## Directions for this task:
From the entries below, reproduce exactly the line containing "Birthstone ring September", the line containing "009b1-hallway-to-bedroom.jpg.jpg", and every line in between, with nothing added.

## Source information:

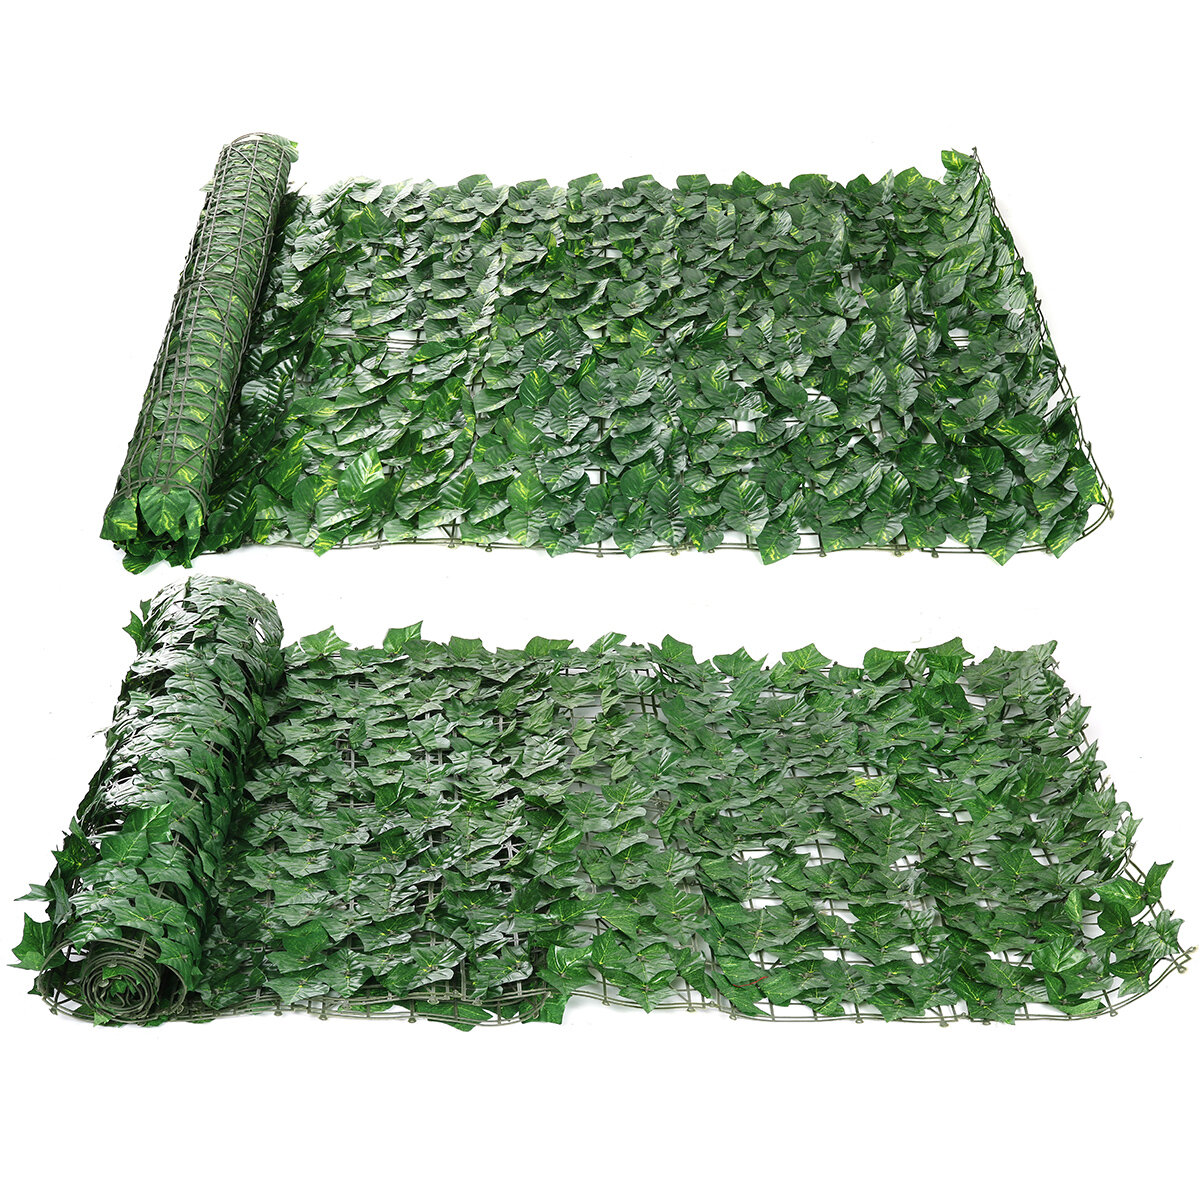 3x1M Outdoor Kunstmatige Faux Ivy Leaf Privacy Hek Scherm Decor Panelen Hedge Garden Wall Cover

---

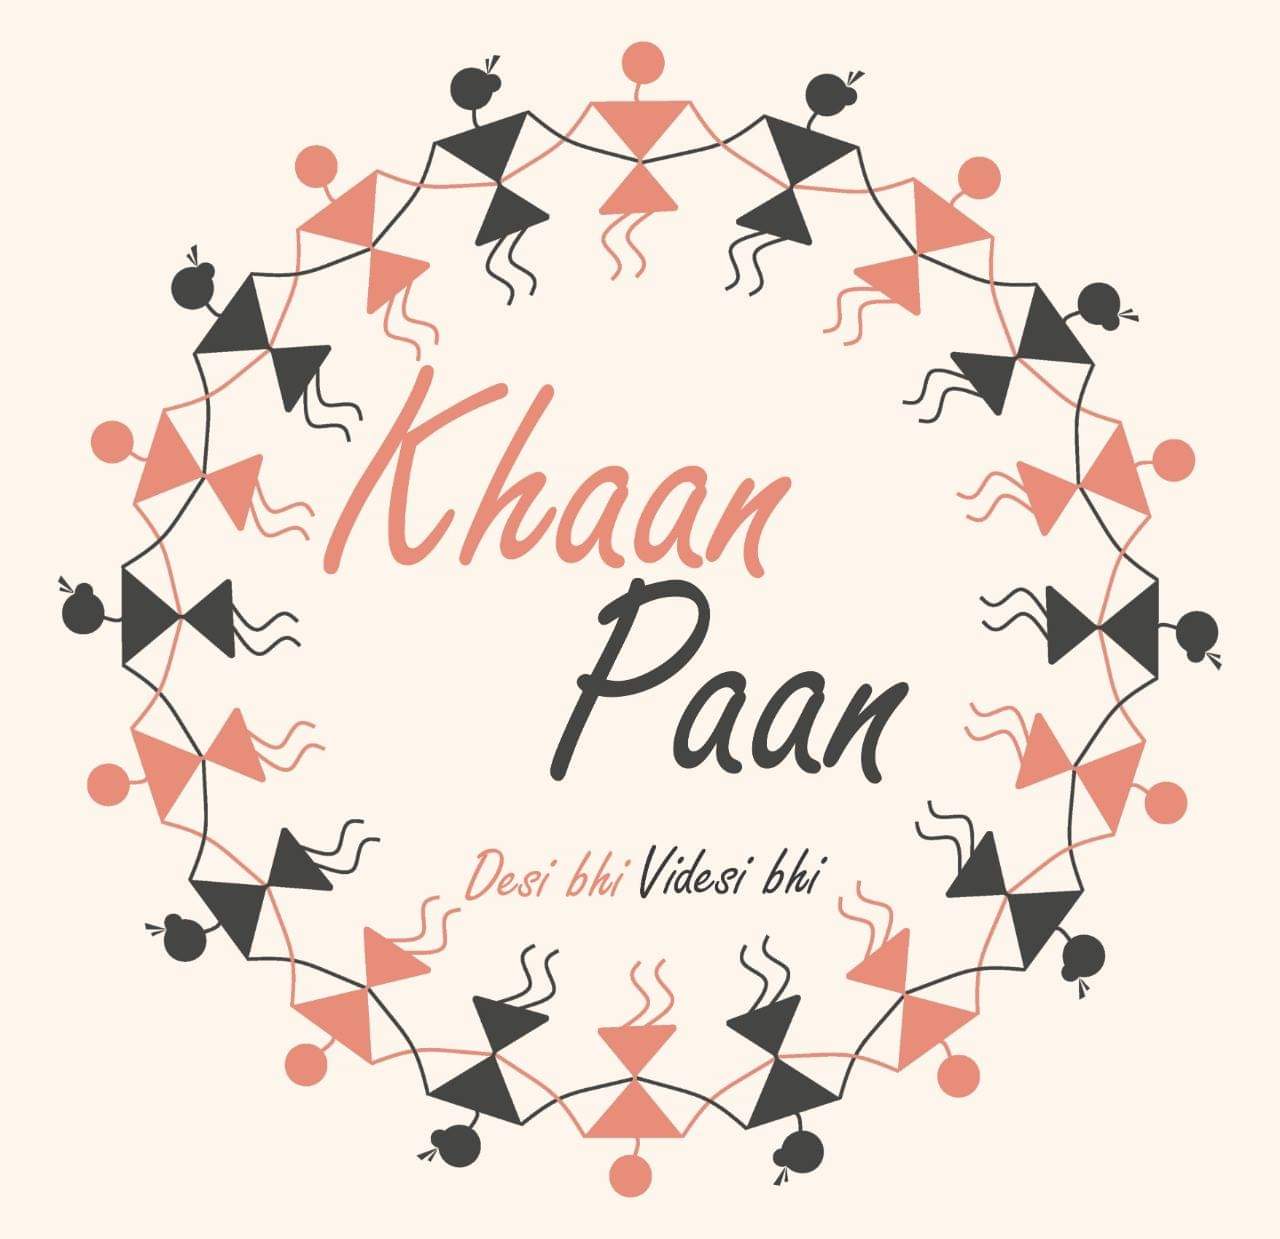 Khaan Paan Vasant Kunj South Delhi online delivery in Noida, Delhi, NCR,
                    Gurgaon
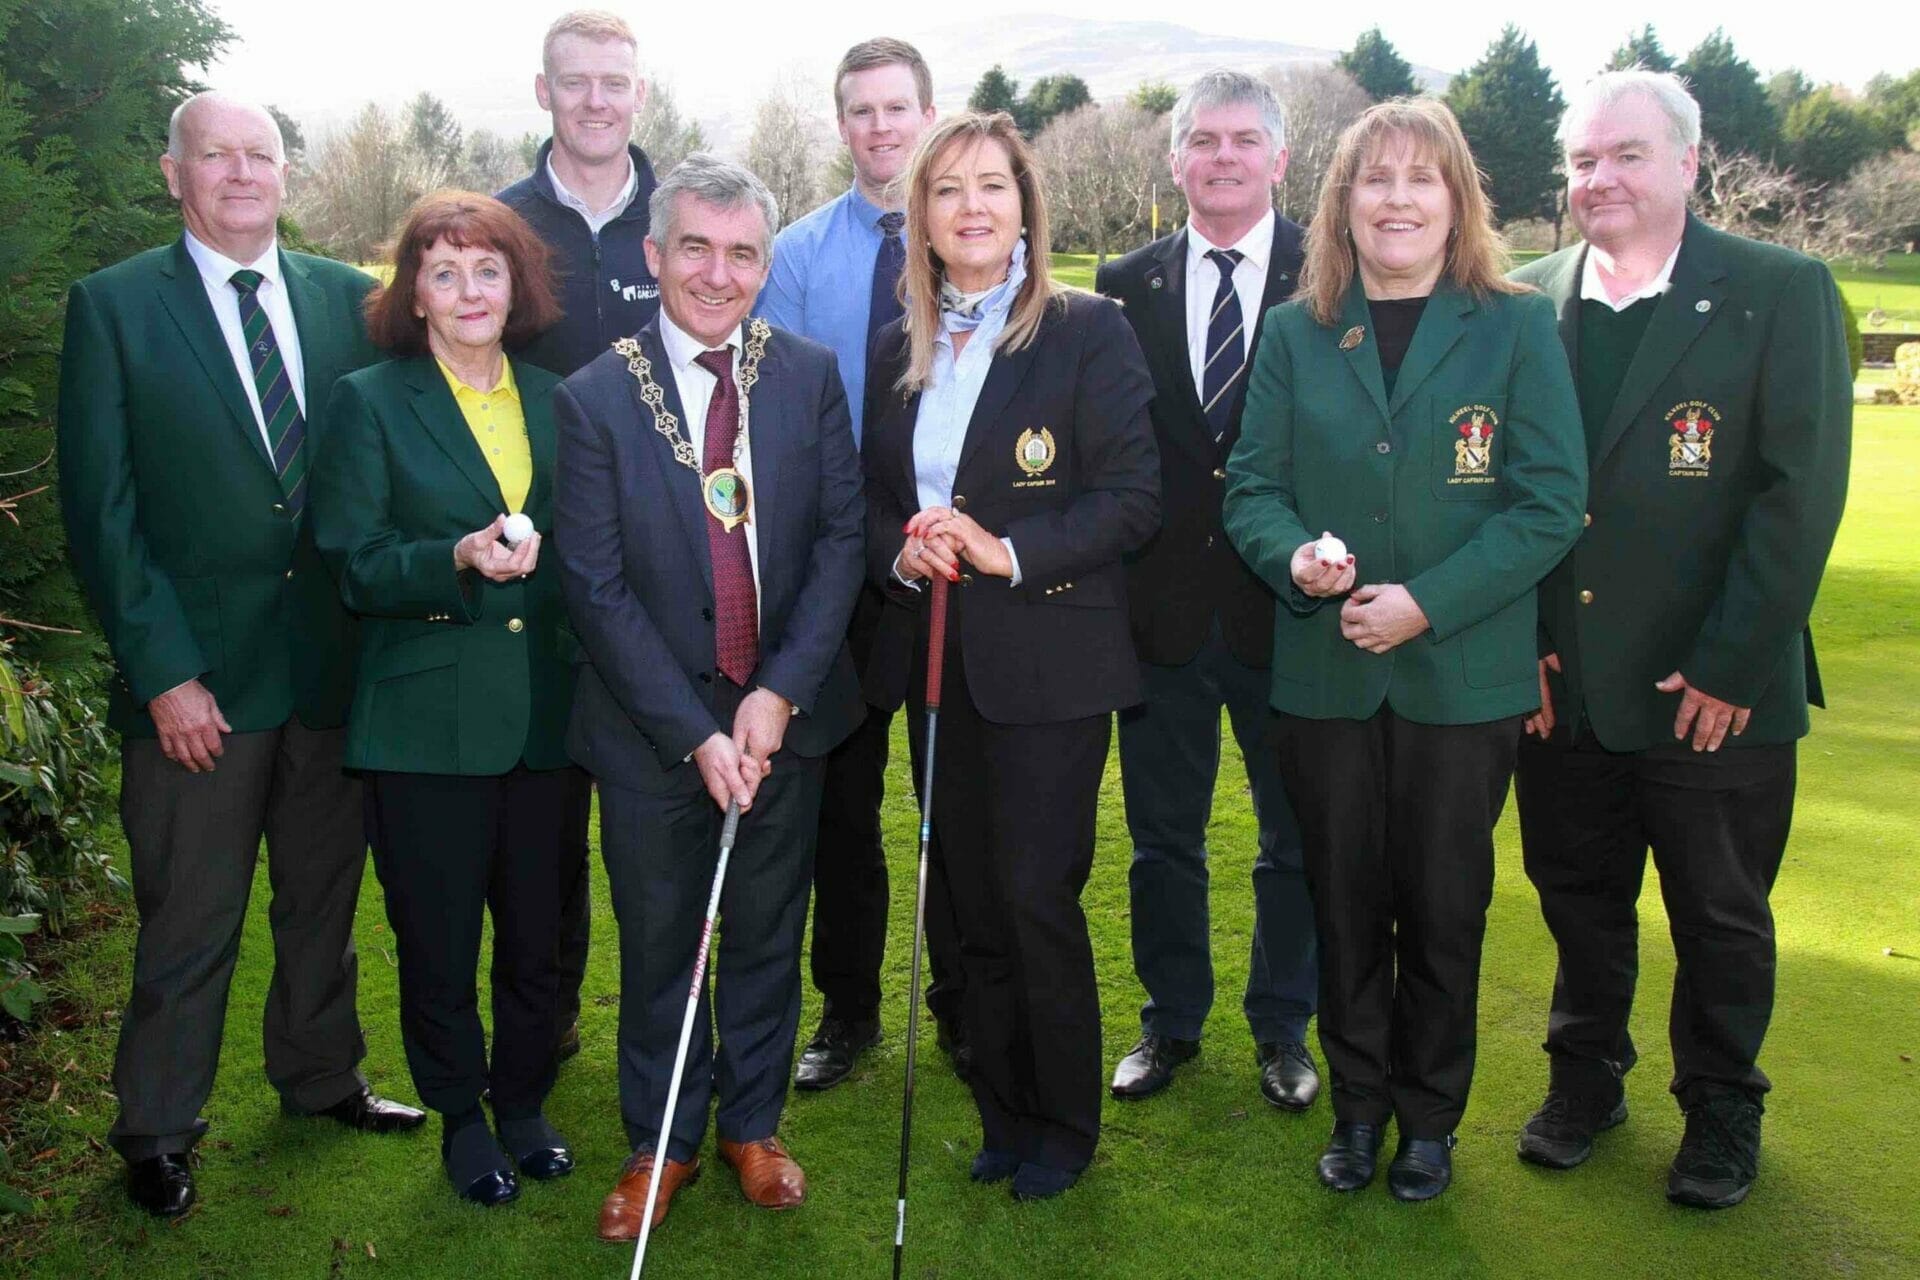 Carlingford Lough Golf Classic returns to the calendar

==

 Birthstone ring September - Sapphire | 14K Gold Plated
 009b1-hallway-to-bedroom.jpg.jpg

## Task result:
 Birthstone ring September - Sapphire | 14K Gold Plated
 009b1-hallway-to-bedroom.jpg.jpg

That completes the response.